Existing dashboard layout can remain unchanged if data is honest.
## Validation And Test Matrix
Commands:
```bash
python3 -m pytest tests/test_contributor.py tests/test_pipeline_health_phase1b.py
python3 -m ruff check lib/contributor.py lib/health.py pipeline-health-check.py tests
git diff --check
```
Test cases:
- old data fallback credits Leo/domain reviewer.
- new `review_records` data credits all approved required reviewers.
- request-changes reviewer receives no evaluator credit.

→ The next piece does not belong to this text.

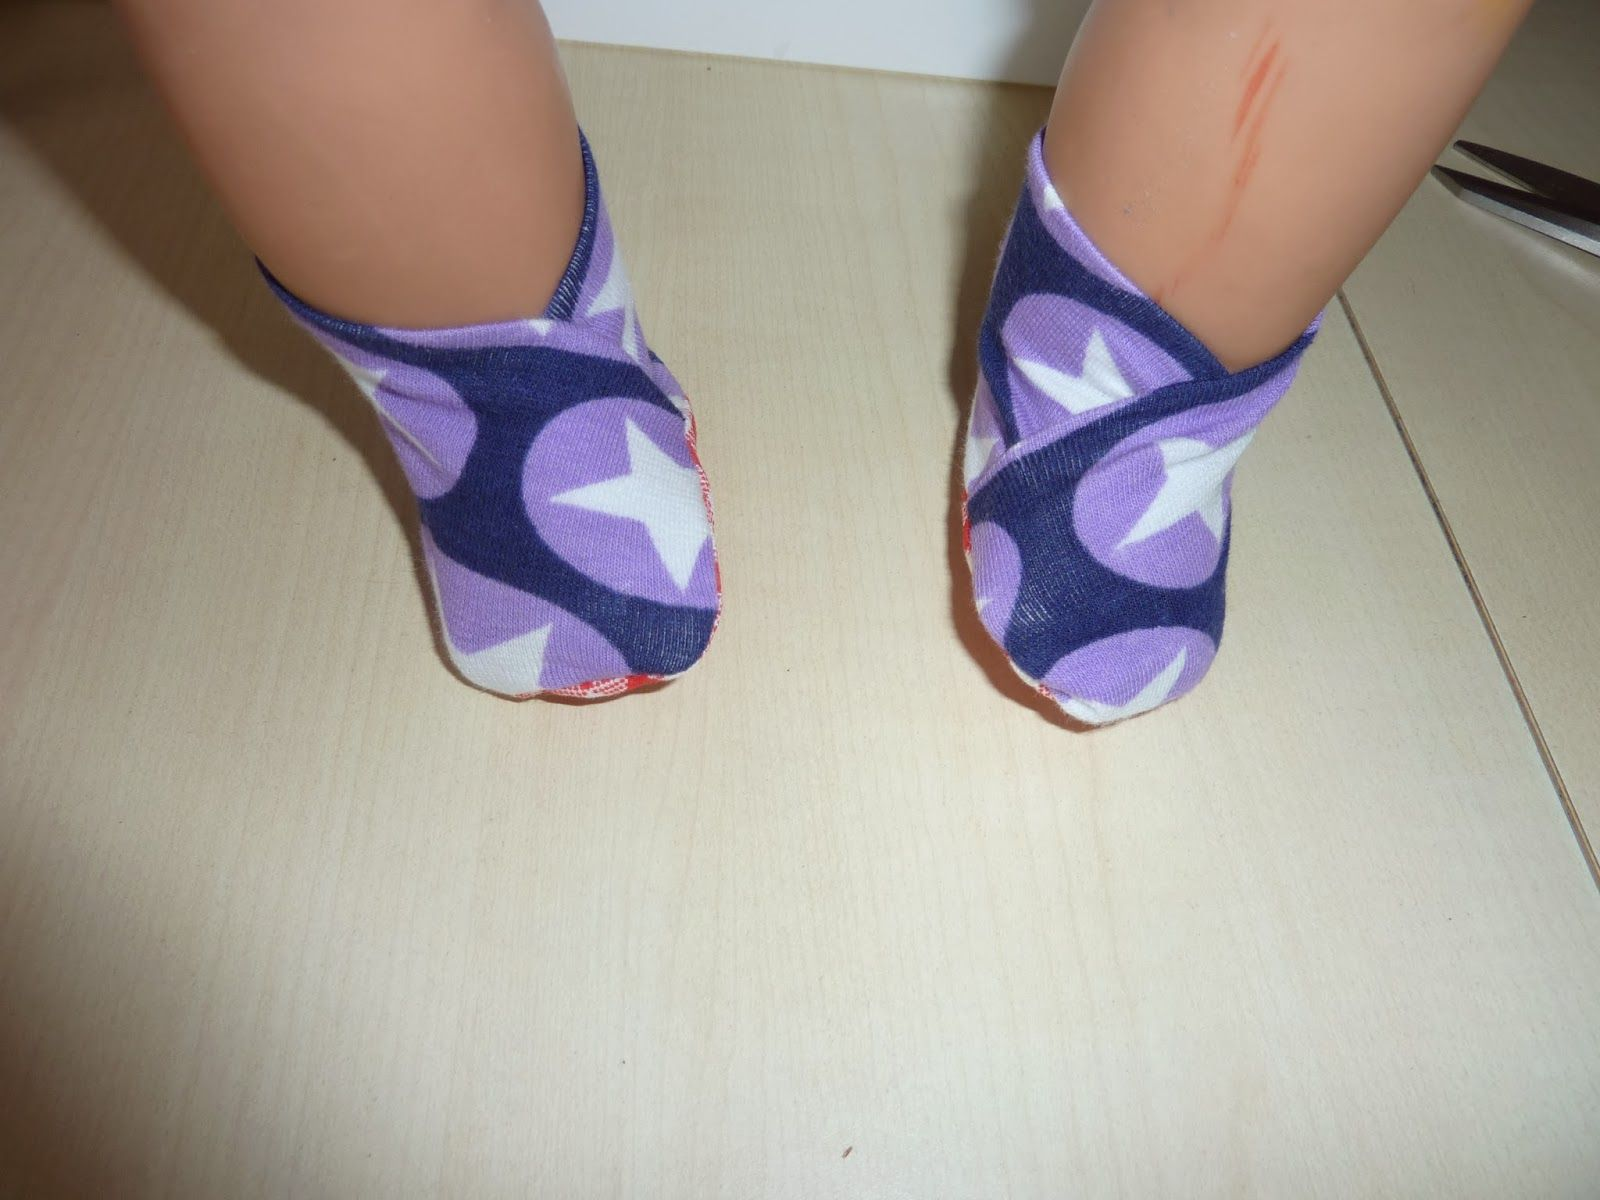 Miniatur-Designe: Anleitung Puppen Socken selber nähen! | Nähen und ...

- one missing required reviewer blocks ready classification.
- all required reviewers approve enables ready classification.
## CI/CD, Release, And Pre-Push Gate Contract
Before PR:
- Compatibility tests pass or are documented as not runnable due missing dev deps.
Before staging:
- Staging proof includes health and contributor-readback commands.
Before production:
- Operator verifies no partial-review false readiness in logs/health readback.

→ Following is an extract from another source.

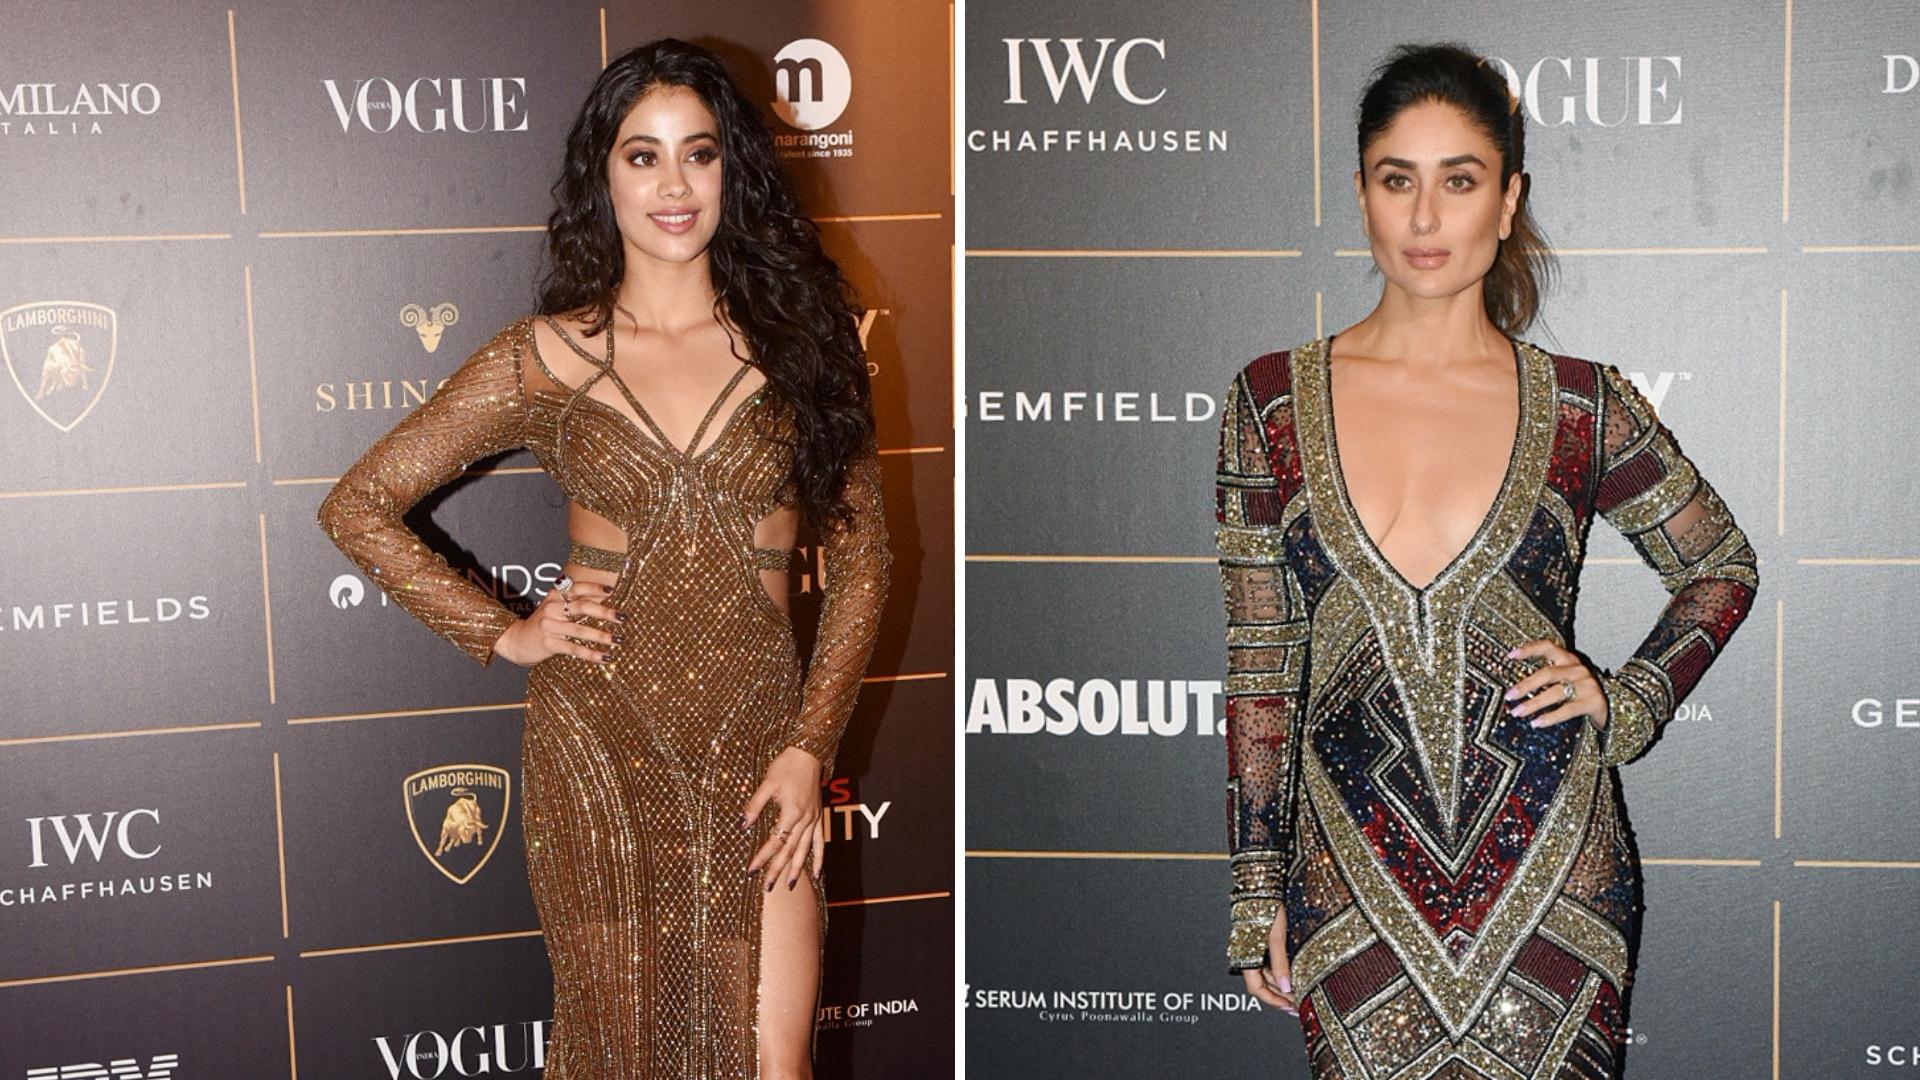 In Pics: Alia Bhatt, Janhvi and Kareena Kapoor at Vogue Awards

## Independent CLI Audit Contract
Reviewer commands:
```bash
rg -n "Leo reviews every PR|leo_verdict|domain_verdict|review_records|required_agents|VERDICT" lib pipeline-health-check.py tests
sqlite3 /path/to/pipeline.db ".schema review_records"
```
Reviewer checks:
- `review_records` is preferred for new evaluator credit.
- Legacy fallback remains for old rows.
- Health does not rely on any-approve for multi-review readiness.
## Outside-The-Box Fix Paths
If `review_records` is insufficient:
- Add additive `route_json` and `agent_verdicts_json` columns to `prs`.
If `pipeline-health-check.py` cannot read route markers:
- Treat cross-domain PRs as awaiting review unless all verdict tags expected by route artifact are present.
If contributor credit is too risky for Phase 1b:
- Defer credit mutation and emit review-record-only proof until after eval stability.
## Maintenance Capture
Beneficial now:
- Replace comments claiming "Leo reviews every PR."
- Add focused tests for the compatibility projection.
Avoid now:
- Dashboard UI rewrite.
- Historical backfill.
- Leaderboard redesign.
## Parallelization And Fanout
Classification: ready_now after eval integration establishes review record writes.
Worker-ready prompt:
```text
make reporting and contributor attribution phase 1b-compatible. prefer review_records for new evaluator credit, preserve legacy fallback, and prevent health/pipeline checks from marking cross-domain prs ready before all required agents approve. do not redesign dashboards or add broad schema migrations unless tests prove necessary.
```
## Acceptance Criteria
- No code path claims Leo reviews every new Phase 1b PR.
- Approved `review_records` can credit all required reviewer agents.
- Health/check logic avoids partial-review false readiness.
- Legacy data still renders.
## Readiness And Claim Boundaries
Allowed claim:
- "Reporting compatibility is updated to avoid false readiness and credit loss."
Forbidden claim:
- "Dashboards are redesigned for Phase 1b."
## Spec Quality Self-Audit
All required execution-grade headings are present. This spec is intentionally compatibility-scoped and does not attempt a full reporting product redesign.
## Assistant-Added Caveats
The safest first move is to write accurate `review_records` and route audit JSON. Rich dashboards should wait until production behavior proves stable.